Imminent US and Brazil Elections Put Musk’s Twitter to the Test

Crucial elections in Brazil and the United States are likely to pose the first big challenges for Elon Musk and his promise to relax content moderation on Twitter. The new owner of the platform has said that he wants to relax the rules created by Twitter to stop the flow of misinformation. Disinformation experts say a torrent of misinformation is already hitting voters in both Brazil and the U.S. If Musk makes good on his promise quickly, they say, that torrent could turn into a flood. One of Musk’s first moves was to fire the executive in charge of content moderation. He says a new committee will review the platform’s policies before any changes are made.

Workers leave iPhone factory in Zhengzhou amid COVID restrictions

HONG KONG (AP) — Workers at a manufacturing plant in the central Chinese city of Zhengzhou appear to have left to avoid COVID-19 restrictions. Many were traveling on foot days after an unknown number of Foxconn factory workers were quarantined at the facility following a virus outbreak. Videos circulating on Chinese social media platforms show people believed to be Foxconn workers climbing fences and carrying their belongings on foot down the road. Foxconn’s Zhengzhou plant is one of the largest factories in China that assembles products for Apple Inc., including its latest iPhone 14 devices. Cities around Zhengzhou have asked Foxconn workers to report their return with in advance so that they can undergo appropriate isolation measures.

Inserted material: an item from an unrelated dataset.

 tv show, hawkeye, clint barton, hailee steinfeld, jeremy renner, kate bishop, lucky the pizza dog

Faced with the harsh winter, tourism roars again in the Mediterranean

CAPE SOUNION, Greece (AP) — Tourism is rebounding from the coronavirus pandemic more strongly than many expected. That’s partly due to the strength of the US dollar and pent-up travel demand in Europe after years of COVID-19 restrictions. It is a boon to the economies of southern European countries like Greece, Italy, Spain and Cyprus. The travel bug has also helped ease the continent’s tilt toward recession brought on by skyrocketing energy prices, the war in Ukraine and long-lasting disruptions from the pandemic. But experts warn the recovery is unlikely to last and hopes of building year-round holiday destinations are being stalled by a lack of long-term planning in Mediterranean economies.

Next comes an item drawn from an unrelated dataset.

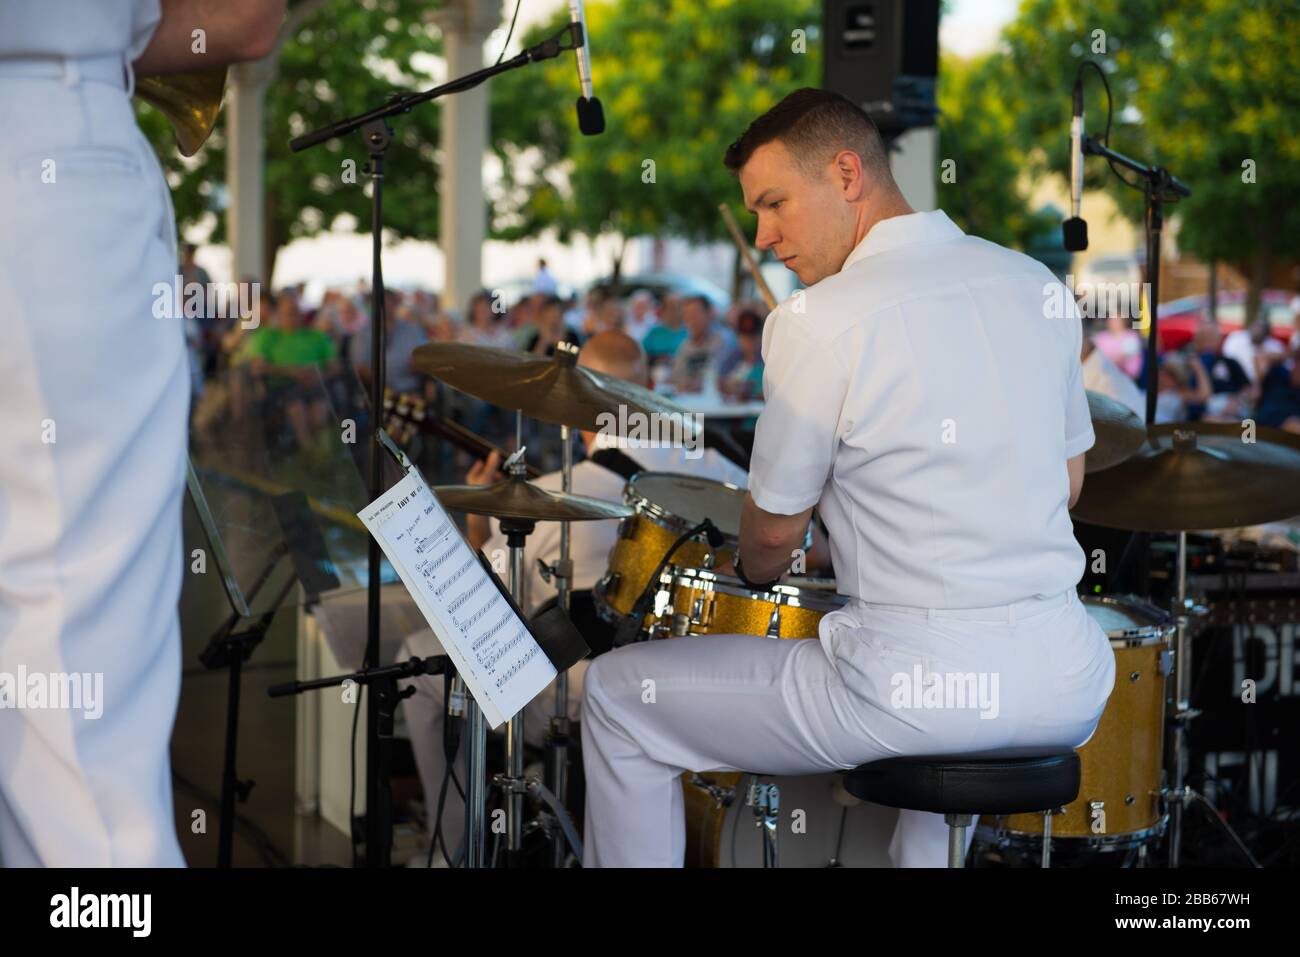 '170615-N-VV903-057 - Manassas, VA (June 15, 2017) Musician !st Class Kevin McDonald of United States Navy Band Commodores lays down the groove before an enthusiastic Summer audience at the Harris Pavillion in Manassas Virginia.  The United States Navy Band provides both military exposure and cultural enrichment to music lovers of all ages through its public concert series.  (U. S. Navy photo by Musician 1st Class David Aspinwall/Released); 15 June 2017, 19:33; 170615-N-VV903-057; United States Navy Band from Washington, D.C., USA; ' Stock Photo

Poland chooses the United States to build its first nuclear power plant

WARSAW, Poland (AP) — Poland says it has chosen the US government and Westinghouse to build its first nuclear power plant. The announcement is an important step in the central European nation’s efforts to burn less coal and gain greater energy independence. Prime Minister Mateusz Morawiecki announced Friday night that Poland’s nuclear power project will use Westinghouse’s “reliable and safe technology.” He said that a strong alliance between Poland and the United States “guarantees the success of our joint initiatives.” US Energy Secretary Jennifer Granholm said the $40 billion project would create or retain more than 100,000 jobs for American workers. She said that she also sent a message to Russia that it would no longer be allowed to “arm” the energy.

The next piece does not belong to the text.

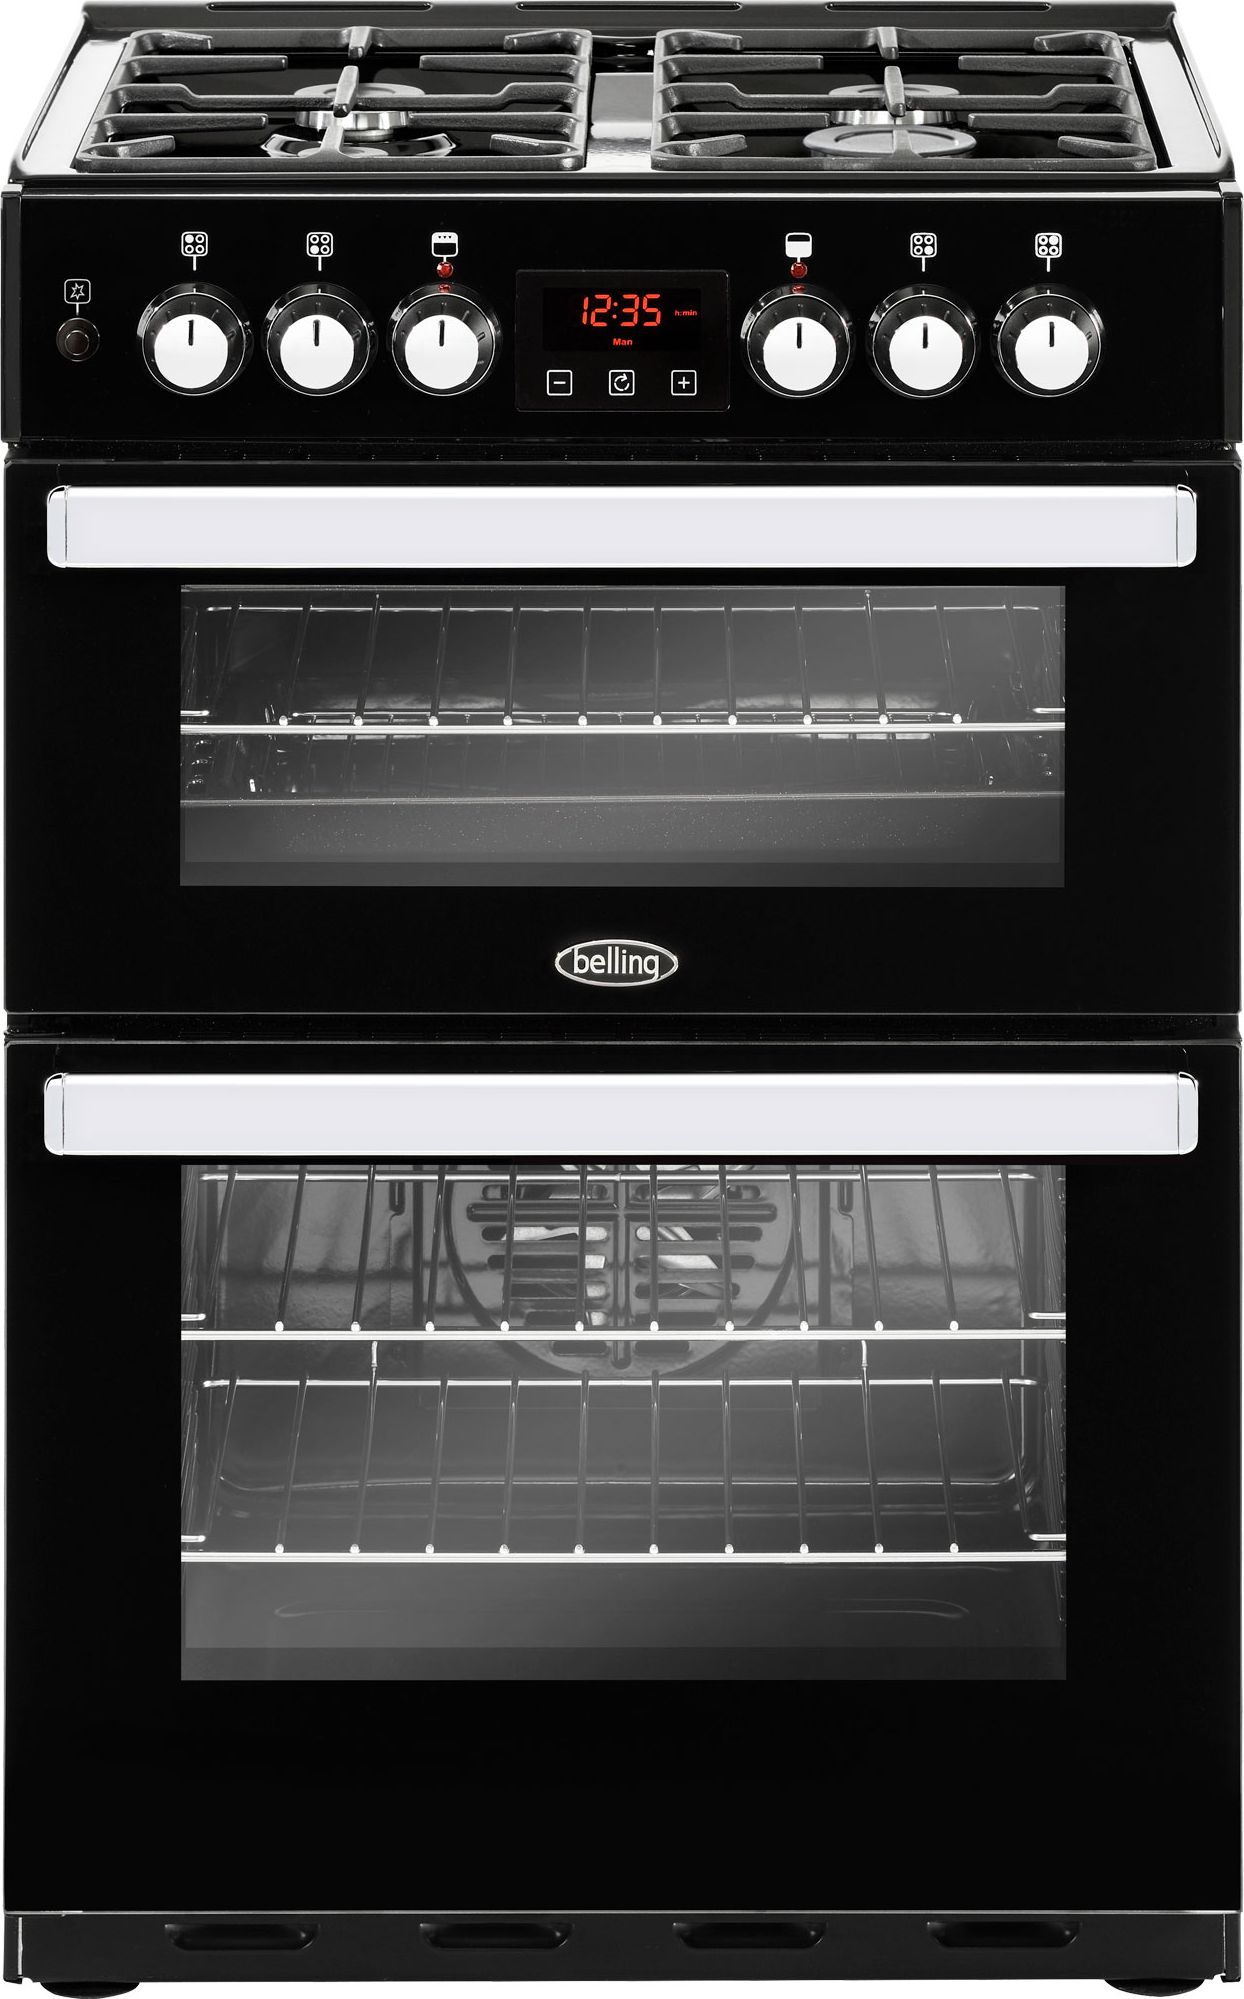 Belling Cookcentre 60DF 60cm Freestanding Dual Fuel Cooker - Black - A/A Rated, Black

Feds Unveil Plan to Increase Wind Power and Protect Rare Whales

PORTLAND, Maine (AP) — The federal government has outlined a strategy to try to protect an endangered whale species while developing offshore wind power on the East Coast. The administration of President Joe Biden has made it a priority to promote offshore wind power along the Atlantic coast as the US pursues greater energy independence. Those waters are also home to the declining North Atlantic right whale, which numbers around 340 in the world. The National Oceanic and Atmospheric Administration and the Office of Ocean Energy Management released a draft plan this month to conserve whales while building wind projects.